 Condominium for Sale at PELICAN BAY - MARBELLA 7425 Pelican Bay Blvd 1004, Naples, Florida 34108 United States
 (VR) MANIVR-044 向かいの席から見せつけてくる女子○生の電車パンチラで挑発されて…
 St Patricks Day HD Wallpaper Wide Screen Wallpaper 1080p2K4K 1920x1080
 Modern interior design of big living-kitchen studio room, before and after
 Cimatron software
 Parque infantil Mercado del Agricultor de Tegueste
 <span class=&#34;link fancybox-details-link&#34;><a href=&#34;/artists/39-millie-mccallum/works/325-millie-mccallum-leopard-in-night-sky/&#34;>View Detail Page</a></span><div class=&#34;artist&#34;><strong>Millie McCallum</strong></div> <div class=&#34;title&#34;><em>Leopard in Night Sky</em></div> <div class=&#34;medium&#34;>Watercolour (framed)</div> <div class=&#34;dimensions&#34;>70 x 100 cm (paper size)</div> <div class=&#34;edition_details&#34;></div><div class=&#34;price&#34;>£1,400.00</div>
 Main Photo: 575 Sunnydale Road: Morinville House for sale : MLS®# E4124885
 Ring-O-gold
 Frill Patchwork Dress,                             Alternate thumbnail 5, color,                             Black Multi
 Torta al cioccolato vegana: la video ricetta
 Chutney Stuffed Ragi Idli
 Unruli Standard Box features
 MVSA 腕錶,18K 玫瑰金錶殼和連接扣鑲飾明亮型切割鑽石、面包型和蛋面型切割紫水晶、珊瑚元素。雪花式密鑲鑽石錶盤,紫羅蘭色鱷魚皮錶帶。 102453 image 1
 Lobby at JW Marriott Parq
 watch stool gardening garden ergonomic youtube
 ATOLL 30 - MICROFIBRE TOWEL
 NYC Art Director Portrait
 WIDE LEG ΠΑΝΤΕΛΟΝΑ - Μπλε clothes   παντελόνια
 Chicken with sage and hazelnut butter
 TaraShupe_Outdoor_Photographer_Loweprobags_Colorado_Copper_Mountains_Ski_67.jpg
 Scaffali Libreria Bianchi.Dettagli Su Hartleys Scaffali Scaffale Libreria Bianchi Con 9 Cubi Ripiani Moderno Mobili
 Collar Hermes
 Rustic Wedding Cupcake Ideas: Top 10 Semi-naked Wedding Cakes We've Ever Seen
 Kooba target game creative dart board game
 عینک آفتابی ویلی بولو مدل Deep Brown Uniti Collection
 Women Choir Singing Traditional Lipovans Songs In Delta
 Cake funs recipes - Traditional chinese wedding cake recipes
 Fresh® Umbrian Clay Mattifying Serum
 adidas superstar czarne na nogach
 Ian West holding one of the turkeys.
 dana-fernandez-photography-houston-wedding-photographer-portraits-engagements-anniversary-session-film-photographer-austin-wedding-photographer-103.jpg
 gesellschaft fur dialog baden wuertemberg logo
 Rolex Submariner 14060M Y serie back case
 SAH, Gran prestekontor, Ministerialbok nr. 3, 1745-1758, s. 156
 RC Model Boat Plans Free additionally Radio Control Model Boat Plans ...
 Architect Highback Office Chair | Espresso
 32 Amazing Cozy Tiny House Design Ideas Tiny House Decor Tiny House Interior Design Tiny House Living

**Exercise brief**. Starting at the line that contains "Cimatron software" and stopping after the line that contains "WIDE LEG ΠΑΝΤΕΛΟΝΑ", write out every line exactly as it appears above, and no other line.

**Answer to this problem**.
 Cimatron software
 Parque infantil Mercado del Agricultor de Tegueste
 <span class=&#34;link fancybox-details-link&#34;><a href=&#34;/artists/39-millie-mccallum/works/325-millie-mccallum-leopard-in-night-sky/&#34;>View Detail Page</a></span><div class=&#34;artist&#34;><strong>Millie McCallum</strong></div> <div class=&#34;title&#34;><em>Leopard in Night Sky</em></div> <div class=&#34;medium&#34;>Watercolour (framed)</div> <div class=&#34;dimensions&#34;>70 x 100 cm (paper size)</div> <div class=&#34;edition_details&#34;></div><div class=&#34;price&#34;>£1,400.00</div>
 Main Photo: 575 Sunnydale Road: Morinville House for sale : MLS®# E4124885
 Ring-O-gold
 Frill Patchwork Dress,                             Alternate thumbnail 5, color,                             Black Multi
 Torta al cioccolato vegana: la video ricetta
 Chutney Stuffed Ragi Idli
 Unruli Standard Box features
 MVSA 腕錶,18K 玫瑰金錶殼和連接扣鑲飾明亮型切割鑽石、面包型和蛋面型切割紫水晶、珊瑚元素。雪花式密鑲鑽石錶盤,紫羅蘭色鱷魚皮錶帶。 102453 image 1
 Lobby at JW Marriott Parq
 watch stool gardening garden ergonomic youtube
 ATOLL 30 - MICROFIBRE TOWEL
 NYC Art Director Portrait
 WIDE LEG ΠΑΝΤΕΛΟΝΑ - Μπλε clothes   παντελόνια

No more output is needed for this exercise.